Newfound bacterial compound kills fungi that are resistant to multiple antifungals

As fungi resistant to traditional treatments continue to spread around the globe, researchers from China Pharmaceutical University in Nanjing have identified a bacterial compound that can kill infectious fungi even if they’re resistant to other antifungals.

The discovery of the compound, called mandimycin, was reported in Nature on March 19.

To test mandimycin’s potency, the researchers grew a suite of drug-resistant fungi in tiny wells of broth and then exposed them to the compound. Notable fungi that mandimycin successfully stomped out include species of Candida, Cryptococcus neoformans and Aspergillus fumigatus, according to the team.

The newfound compound was even able to treat mice infected with a strain of Candida auris that is resistant to all major types of antifungals, a growing public health concern.

Candida are yeast that occur normally in parts of the body, but they can cause infections called candidiasis when they stray beyond their normal bounds. Serious invasive infection can occur if the fungi reach the bloodstream, heart or skull, which is especially a concern for immunocompromised patients.

Cryptococcus neoformans, meanwhile, forms spores that can cause lung or brain infections when breathed in. And Aspergillus fumigatus, a kind of mold, can also cause respiratory infections when inhaled.

The fungi tested came from the World Health Organization’s fungal priority pathogens list, which includes infectious fungi with significant unmet need and public health importance. All the screened fungi were resistant to between two and four existing drugs.

Mandimycin is a polyene macrolide within the polyene class of antifungals. Aside from polyenes, there are two other main antifungal classes: azoles and echinocandins. Though it’s a polyene, mandimycin has a unique mechanism for killing fungal cells: It binds to phospholipids in the fungal cell’s membrane, causing potassium to leak out of the cell and ultimately collapsing the membrane.

Other polyene macrolides, including one from Elion Therapeutics currently in a phase 1 trial, instead bind to a different kind of membrane lipid called ergosterol. Fungi don’t develop resistance to this group of molecules easily, but the mandimycin discoverers were able to culture fungi in the lab that were resistant to them, including to amphotericin B, which is the basis for Elion’s asset SF001. Elion developed SF001 under its earlier name, Sfunga Therapeutics.

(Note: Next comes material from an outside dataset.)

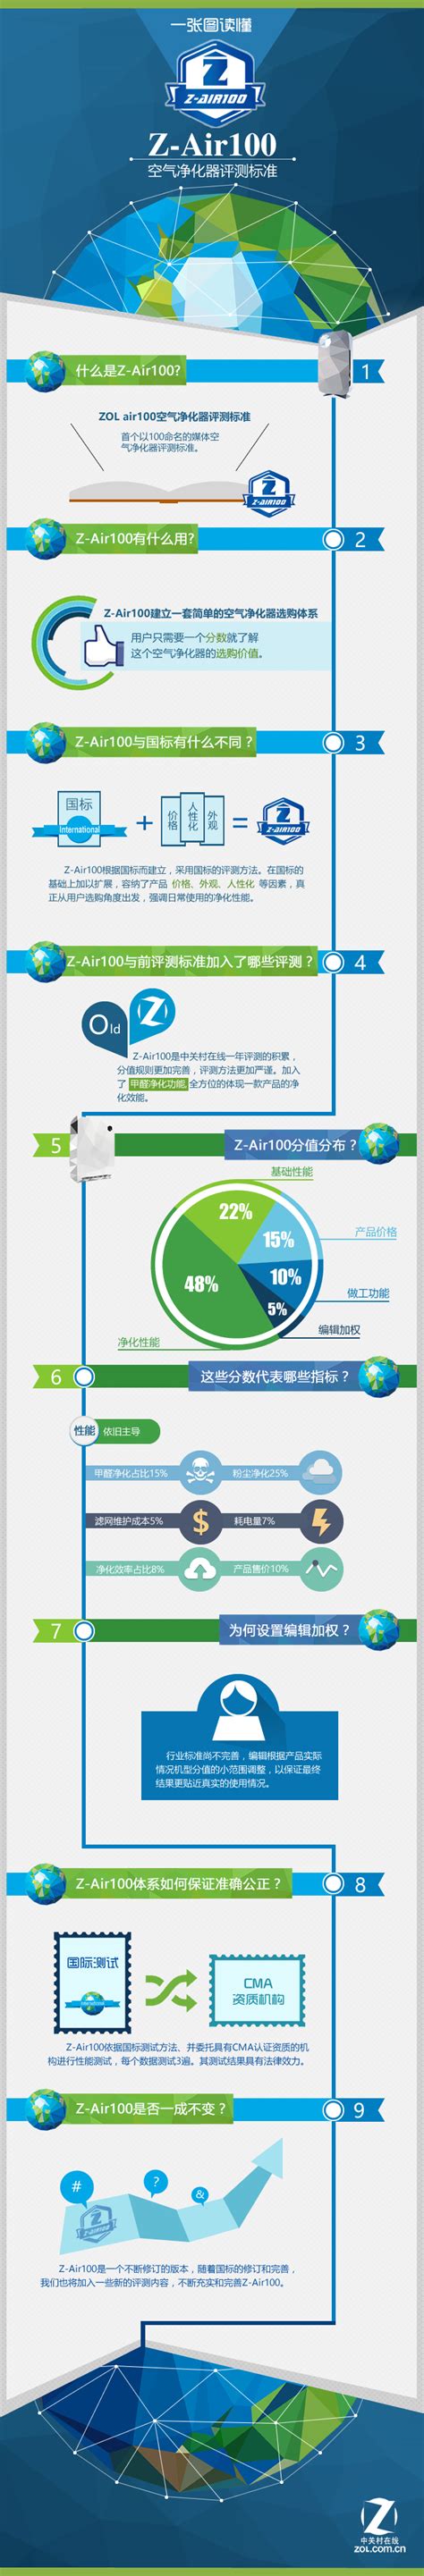 2021年中国及31省市空气净化器行业政策解读 - OFweek智能家居网
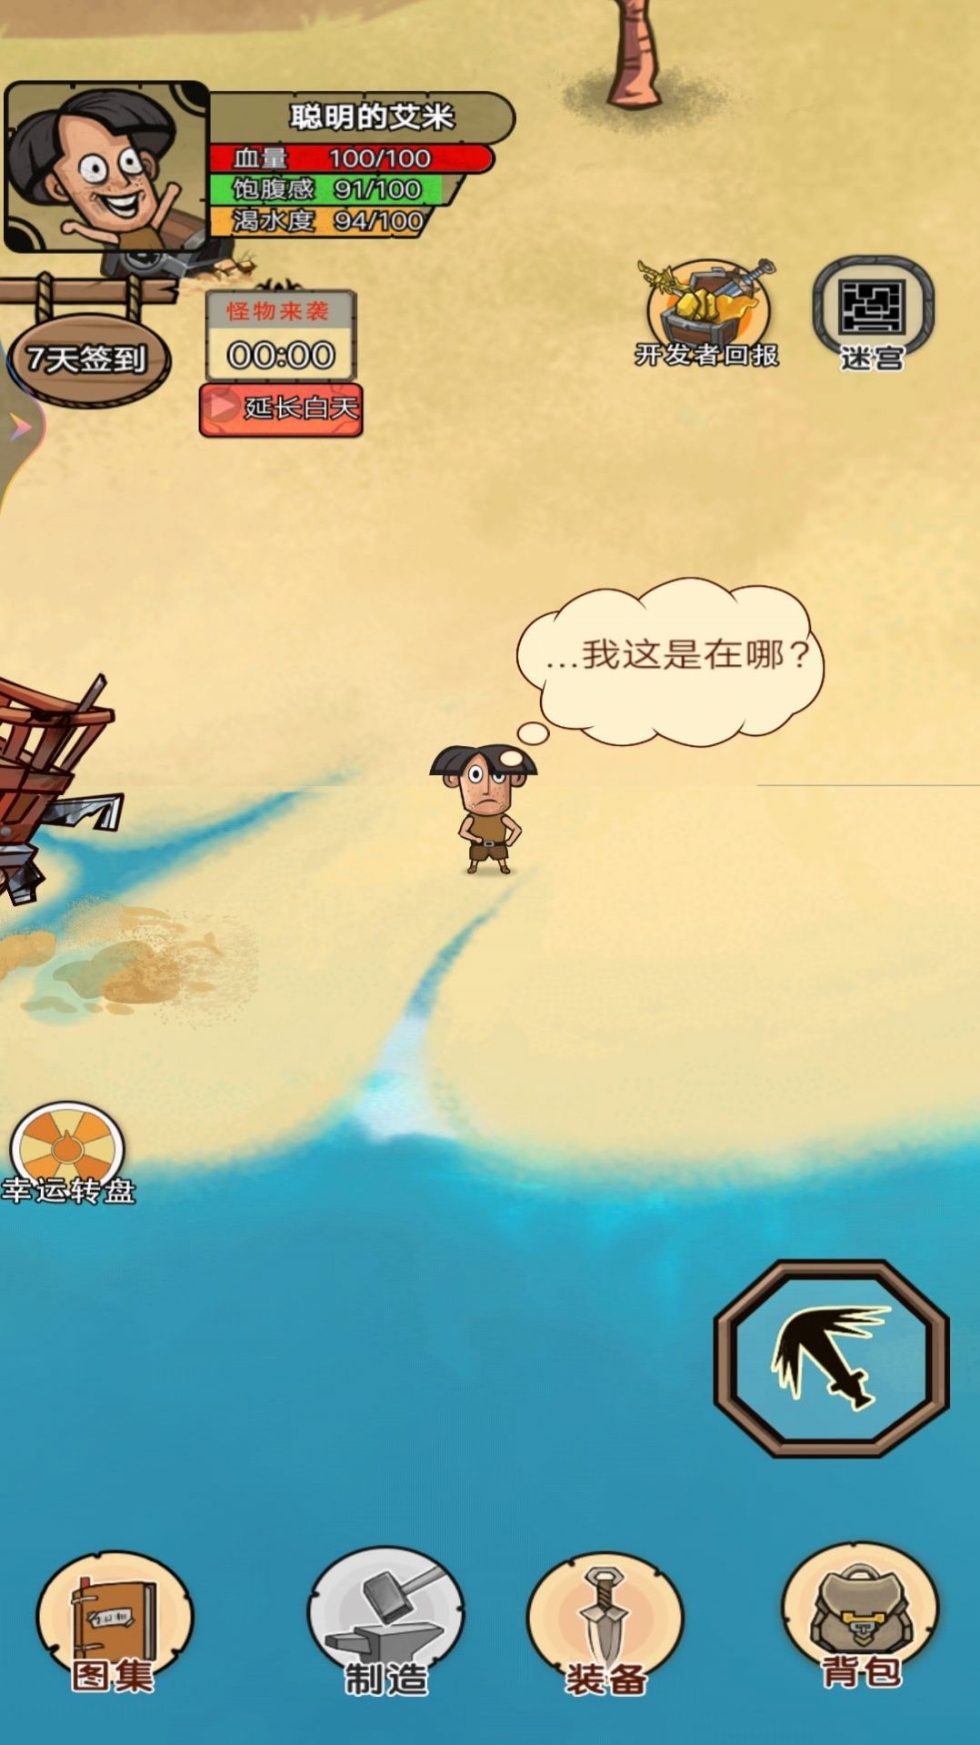 荒岛探险求生游戏下载最新版 v1截图1

No matter how much mandimycin the fungi were exposed to, however, they never developed resistance to it, the authors reported.

The researchers identified mandimycin by extensively scouring the genomes of 316,123 bacteria from the National Institutes of Health’s National Center for Biotechnology Information, including 150 from the Streptomyces species. Bacteria living in the environment compete with fungi for resources, so they often evolve chemicals to snuff them out.

Scrutinizing the evolutionary relationships of the polyene macrolides made by these bacteria led to the discovery of a chemical group that seemed very different from other polyenes, according to the researchers. Within this group of chemicals, made by a strain of the bacteria Streptomyces netropsis, was mandimycin.

The approach “is like hacking two billion years of archived files from the global bacterial military’s central command and placing them in chronological order,” chemists Arun Maji, Ph.D., and Martin Burke, Ph.D., wrote in a perspective article published alongside the new paper. “The authors then strategically searched for what could be imagined as a relatively modern file, perhaps labelled ‘top-secret weapon for overcoming fungal resistance’—which would contain the instructions for making mandimycin.”